What has seldom been addressed is the possibility that jaw kinematics are also impacted by the overall shape of the mandible. This is of interest because variation in a suite of features of human mandibular morphology, particularly differences in symphyseal height, overall anteroposterior length, mediolateral breadth, and the gonial angle, has been associated with geographic, climatic, dietary, and feeding performance factors (Kaifu, 1997; Nicholson and Harvati, 2006; von Cramon-Taubadel, 2011; Katz et al., 2017). When modeled as a constrained lever, variation in the length of mandible will move the dental functional area relative to the muscle resultant and change the location of maximum bite force production (Greaves, 1978, Spencer and Demes, 1993). Large vertical bite forces are associated with a short and broad mandibular ramus, a low coronoid process/shallow mandibular notch, and large bicondylar breadth (Herring and Herring, 1974). Humans with longer faces, narrower mandibles, and larger gonial angles have reduced masseter muscle thickness (Throckmorton et al., 1980, Kiliaridis and Kälebo, 1991; Van Spronsen et al., 1992). These features are thought to influence the mechanical advantage of the primary jaw adductors -- the masseter and temporalis muscles.

However, there is a well-documented trade-off between mechanical advantage and gape such that larger gapes require greater muscle stretch and/or posteriorly positioned jaw elevator muscles, negatively impacting jaw mechanical advantage (Herring and Herring, 1974, Lindauer et al., 1993, Van Eijden and Turkawski, 2001, Hylander, 2013, Iriarte-Diaz et al., 2017). This indicates that vertical movements of the jaw that stretch the muscles beyond their optimum length result in decreased mechanical advantage and lower bite forces. Beyond this, the ontogeny of the mandible is well known to be strongly influenced by its loading history (Moss and Salentijn, 1969, Pearson and Lieberman, 2004), hence an association between function and mandibular size and shape is to be expected.

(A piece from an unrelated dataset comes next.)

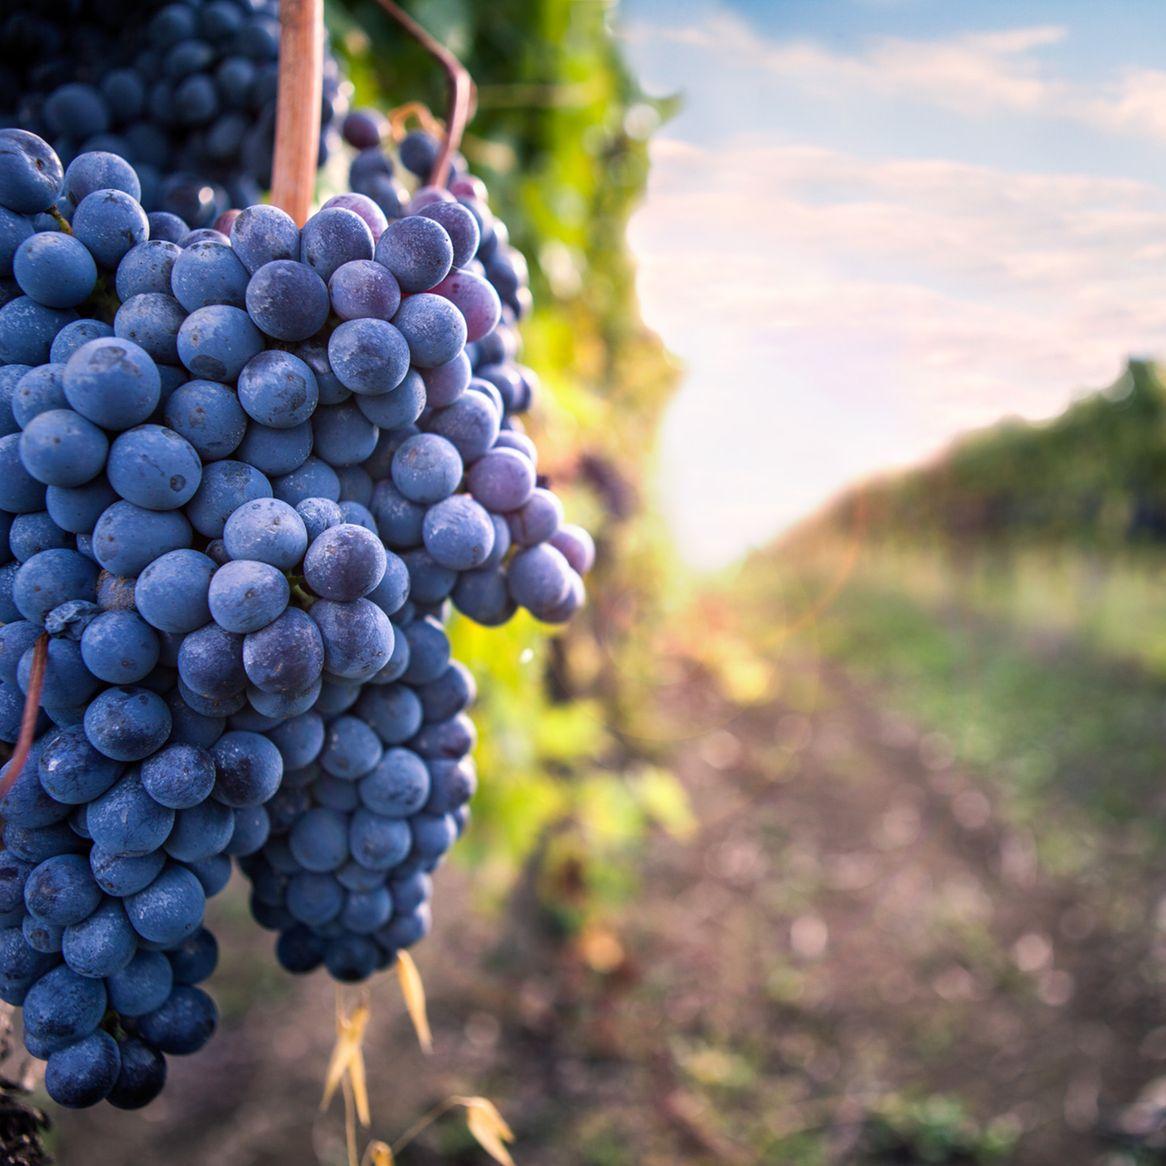 Corso i vini rossi di piemonte veneto e toscana a brescia - Corsi cucina brescia ...

We tested a series of hypotheses to investigate how gape cycle size and shape vary with cycle number across a chewing sequence, food type, and measures of mandibular morphology. First, gape cycles were hypothesized to change across the chewing sequence (H1), such that gape cycles are larger at the beginning of the chewing sequence before the food has been broken down. Gape cycles were also expected to differ between food types (in this case raw and cooked sweet potato) within each subject, reflecting differences in food particle breakdown, toughness, and elastic modulus. We hypothesized that raw sweet potato gape cycles will be larger than cooked sweet potato gape cycles, reflecting food material property-related differences in rates of particle breakdown and swallow-safe bolus formation (H2). Next, we compared jaw kinematics across individuals, assessing the extent to which gape cycle variation with food type and cycle number is consistent across individuals (H3). Finally, we hypothesized that differences in gape cycles among individuals covary with measures of mandibular size and shape (H4). Specifically, we hypothesize that smaller gape cycles are associated with greater mandibular mechanical advantage and tradeoffs between gape and bite-force. Smaller gape cycles would allow subjects to maximize their mechanical advantage and minimize muscular stretch. As there are likely three-dimensional complexities of jaw movement that can only be quantified and analyzed using multivariate techniques, we addressed these hypotheses using a novel application of geometric morphometric techniques to gape cycles. This allows us to quantify and compare the three-dimensional size and shape of these motions to better understand how cycle size and shape vary with cycle number, food, and morphology.